The bandit was still unconscious when the two policemen got to the kitchen. As a matter of fact he was still unconscious when the ambulance got there, although the intern who came with it told Josephine he thought the man had only a severe concussion instead of a fracture, and no doubt would live.

While awaiting the ambulance, the middle-aged officer had gone searching for the real Gladys Phelps, leaving Officer Dewey with Josephine and the prisoner. He found her on the roof, not dead as Josephine had feared, but obviously left for dead. She had been knocked unconscious by some kind of blunt instrument, then, after removing her uniform, her assailant had slipped his knife into her back.

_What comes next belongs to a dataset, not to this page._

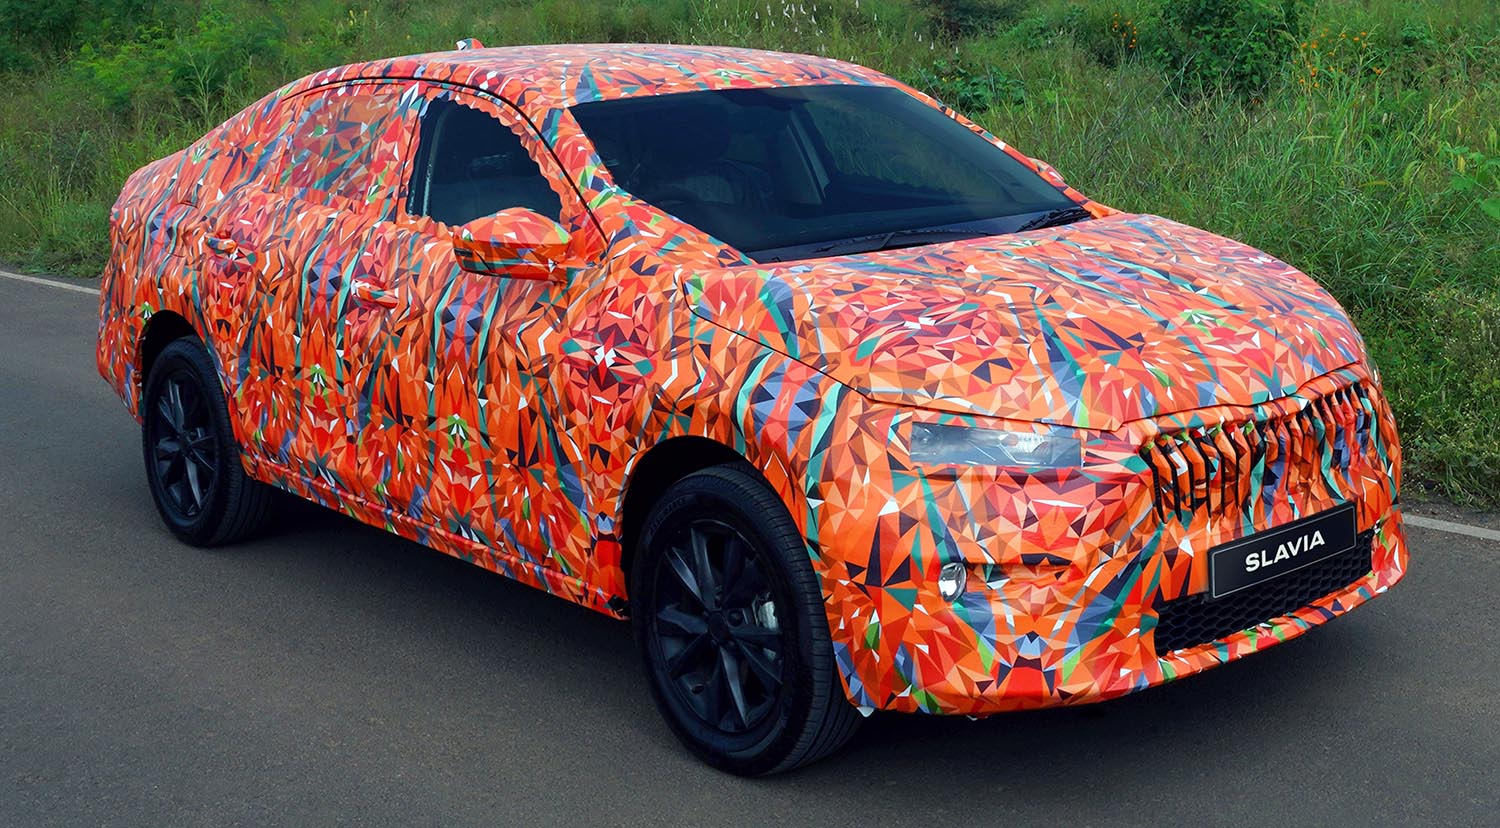 Camouflage Wrap For New ŠKODA SLAVIA Is The Result Of A Design Contest

The intern who had declared James Clayton in no real danger of dying seemed to think the policewoman had every chance of surviving too. He said that the very fact she was still alive indicated that knife blade had neither penetrated the heart nor any other vital spot, and that a few stitches and some blood transfusions ought to pull her through.

Josephine resolved that as soon as Gladys Phelps recovered, she would have the policewoman over to make up for the dinner she had missed.

It was nearly eight p.m. by the time everyone, including the police, had left, and Josephine could have dinner. By then the baked chops were a little dried out, but they were still good. She shared them with Coco Joe.

Customarily he ate dog food, but she felt he deserved the special treat. After all, he’d saved her life.